WHAT YOU HAVE TO DO
Using the records that appear below, write out exactly the lines from the one with "Pattie Boyd, 1964" through the one with "Take A Trip", keeping both end lines.

THE DATA
= = = = =

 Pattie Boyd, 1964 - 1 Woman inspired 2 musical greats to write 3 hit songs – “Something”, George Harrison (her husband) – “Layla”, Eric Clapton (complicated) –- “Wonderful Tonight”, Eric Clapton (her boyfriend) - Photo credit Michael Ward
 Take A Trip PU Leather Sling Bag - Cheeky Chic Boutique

= = = = =

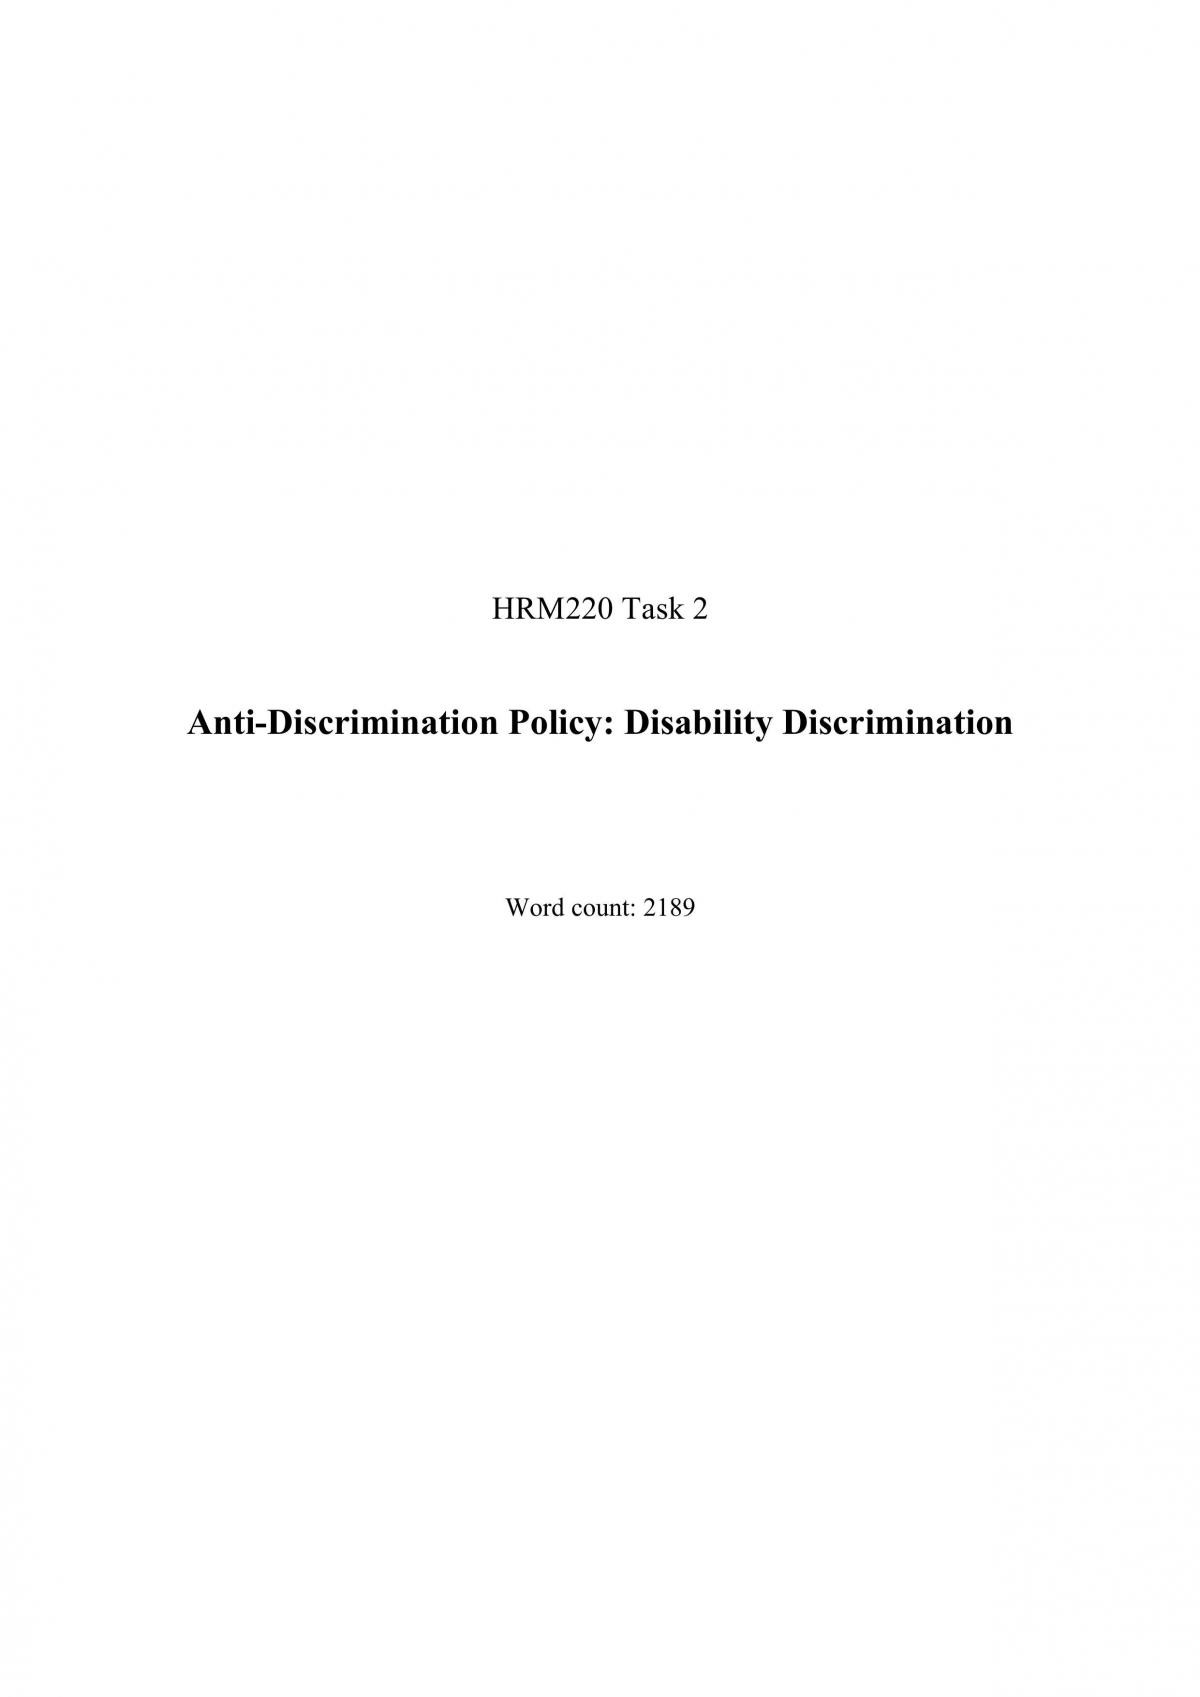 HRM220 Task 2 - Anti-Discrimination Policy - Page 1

= = = = =

EXERCISE ANSWER
 Pattie Boyd, 1964 - 1 Woman inspired 2 musical greats to write 3 hit songs – “Something”, George Harrison (her husband) – “Layla”, Eric Clapton (complicated) –- “Wonderful Tonight”, Eric Clapton (her boyfriend) - Photo credit Michael Ward
 Take A Trip PU Leather Sling Bag - Cheeky Chic Boutique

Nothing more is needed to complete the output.